Gold and silver surge ahead

Jan 23, 2026·Alasdair Macleod

Amid signs of an intensifying derivative crisis in silver, gold is probably beginning to discount disruption in paper markets. Western speculators are sidelined.

Looking into the guts of COT reports, we see that the increase in Comex open interest in gold does not much reflect managed money buying into momentum. It rather reflects Globex trade, predominantly Asian in origin buying futures presumably with a view to taking delivery.

Is this why Comex stopped reporting stand-for-deliveries from 15th January in both contracts? Is it a warning sign of derivative problems?

Gold and silver continued to rise this week, both establishing new record prices in all currencies. In early morning European trade, gold closed out the week at $4915, up $308, and silver at $98.20 is up $8.10. Overnight, they hit $4967 and $99.30 respectively.
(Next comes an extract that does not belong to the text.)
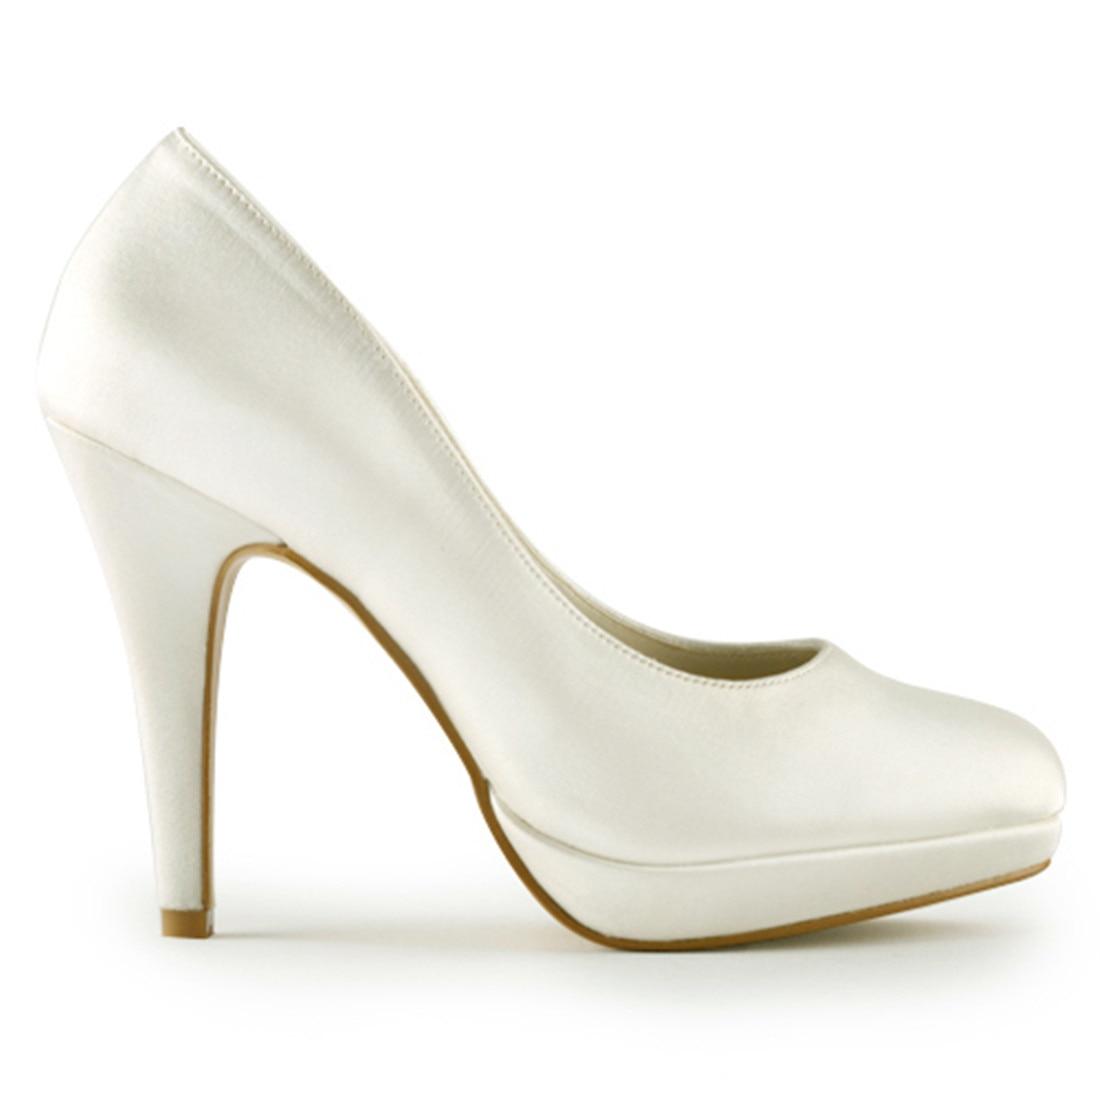 Élégant mince talons hauts mariée demoiselle d'honneur ivoire blanc Champagne plate forme pompes luxe Satin mariage chaussures Uninnova 521 1 LY - 4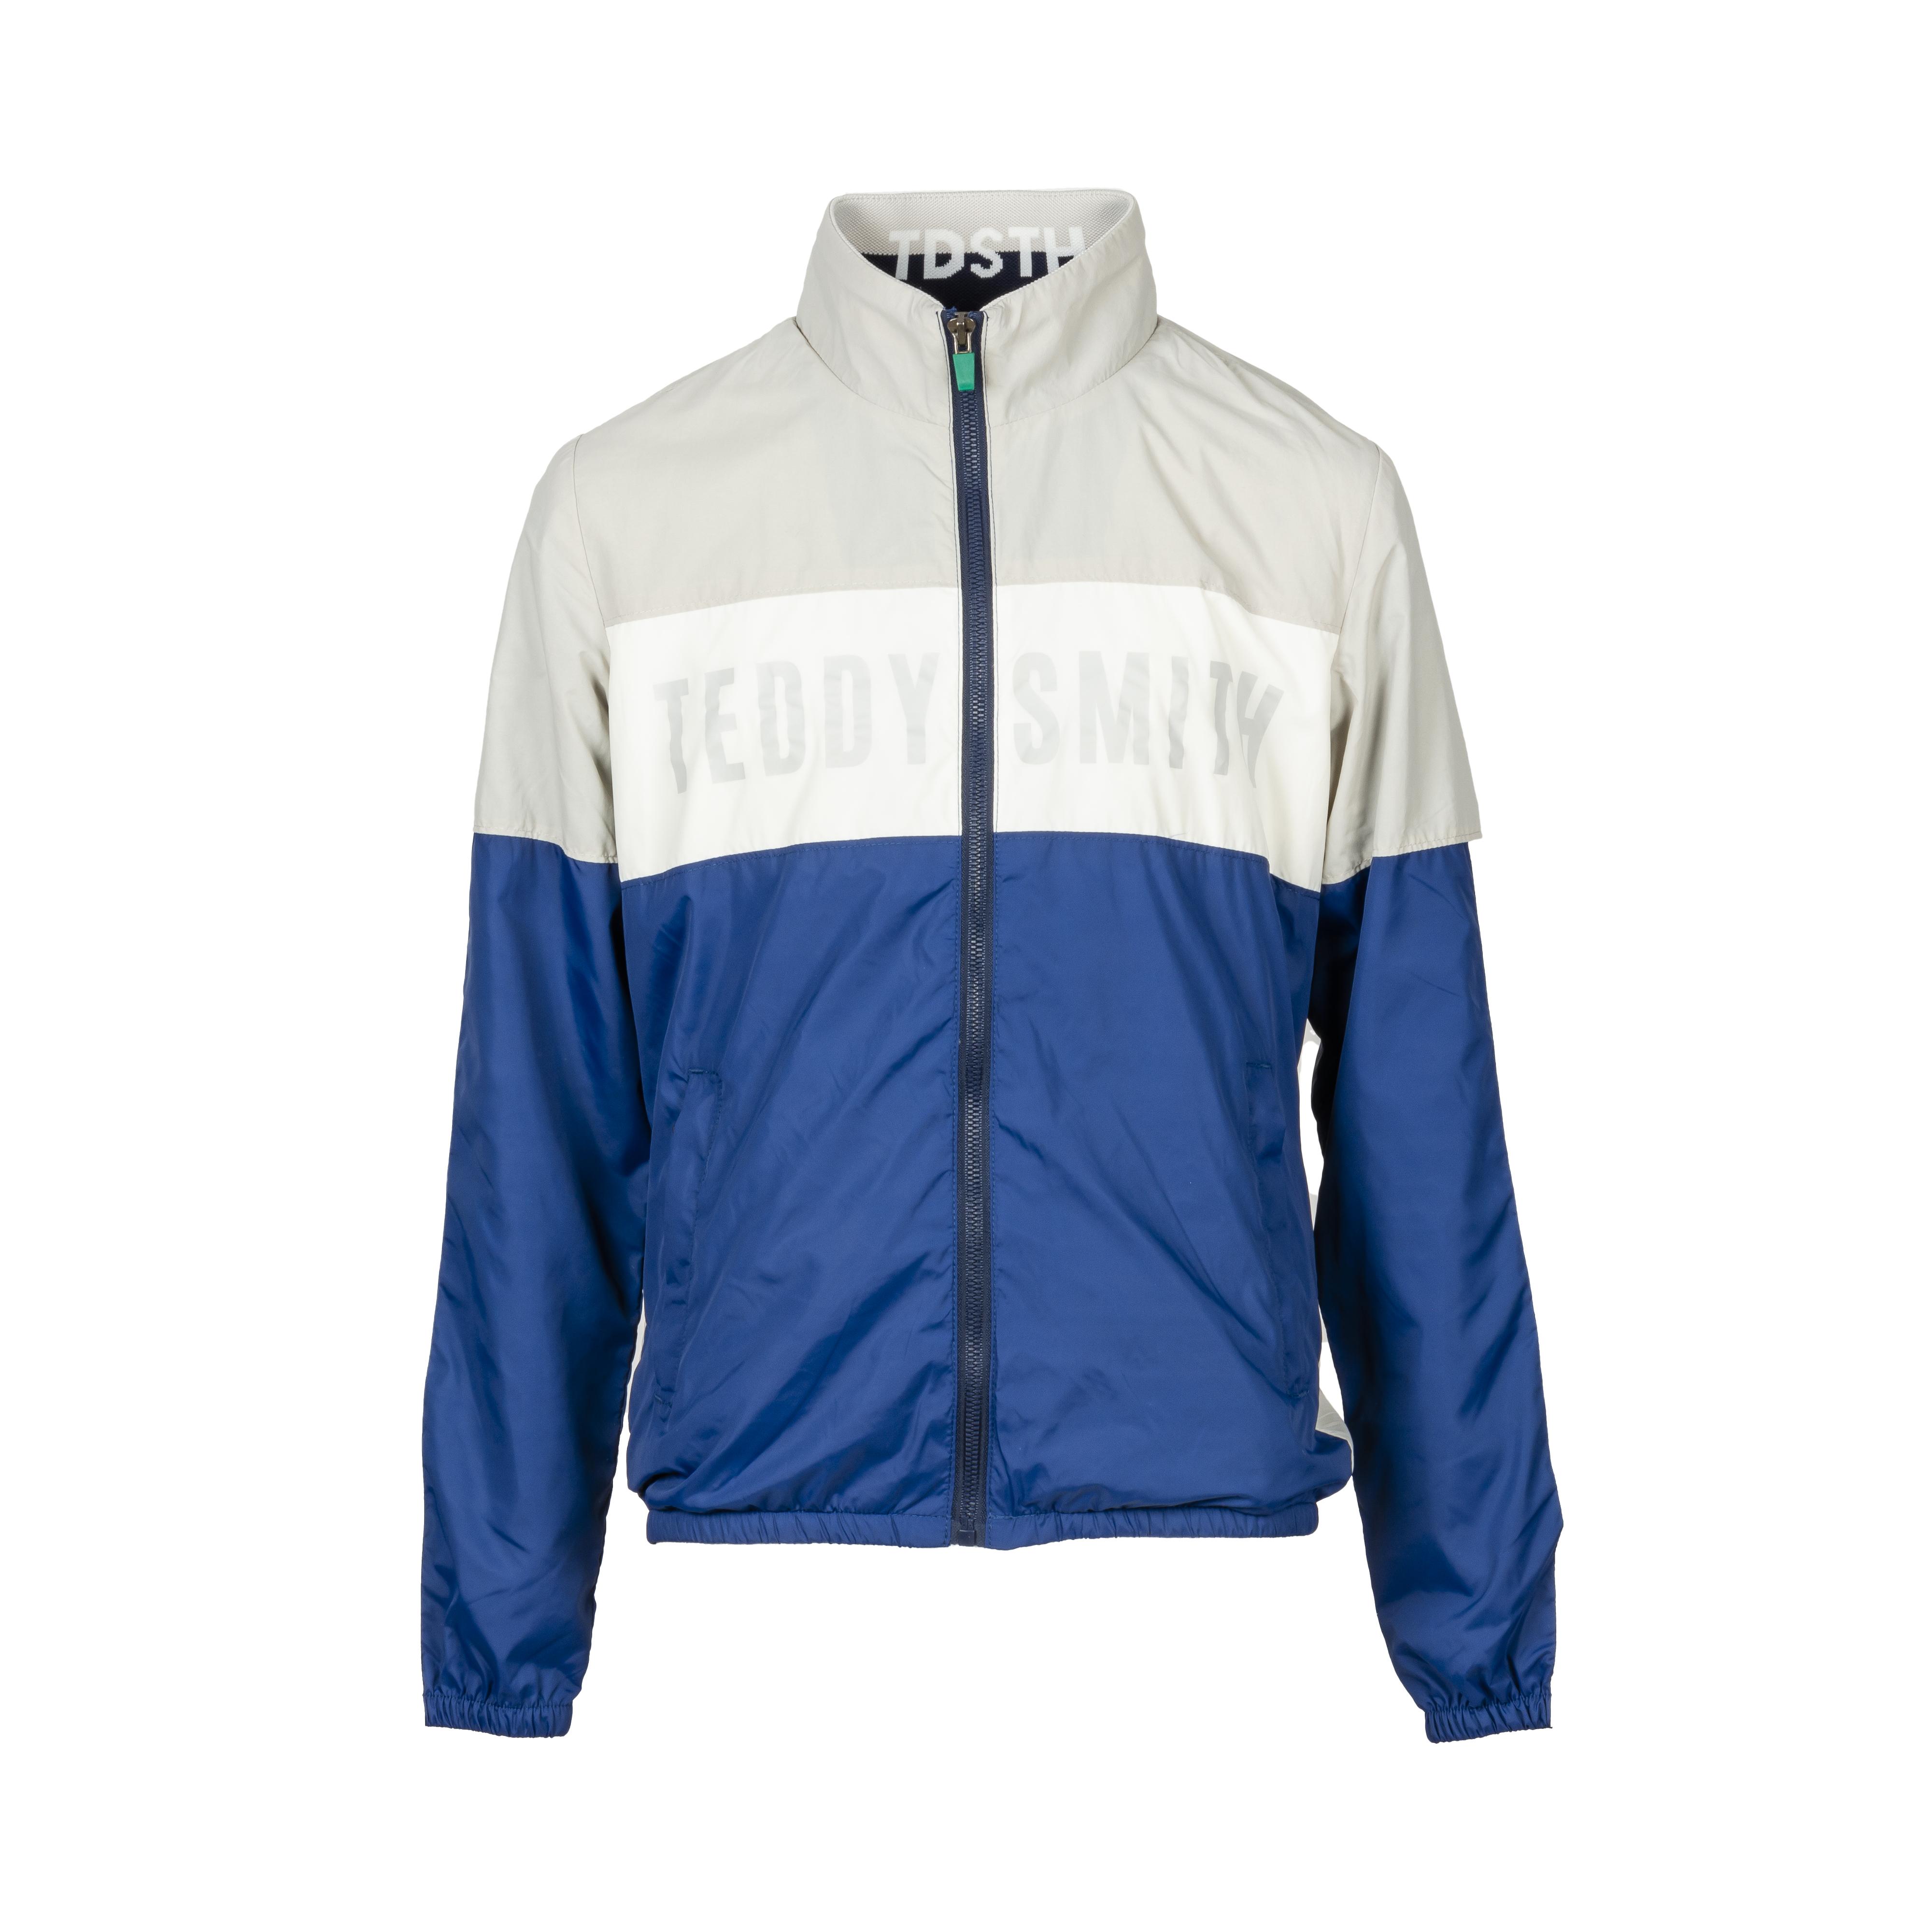 Veste coupe-vent à capuche  herman à opposition de couleurs bleu, blanc et gris

On Comex this week, volumes in both contracts were high, but declining somewhat in silver as the price rose, evidence of an intensifying squeeze on paper shorts.

Why is it that hedge funds are not playing the silver game? It is reasonable to suggest that they should be making hay out of this short squeeze, but they appear not to. Instead, they seem scared by silver’s sheer volatility. The next chart continues to illustrate this fact:

To this evidence we can add the managed money longs from the CFTC’s Commitment of Traders numbers. They are approaching the lowest levels seen in the last 20 years:

Furthermore, the smart money leading the charge is in China where silver prices are a good 10% higher than in seemingly reluctant London and Comex.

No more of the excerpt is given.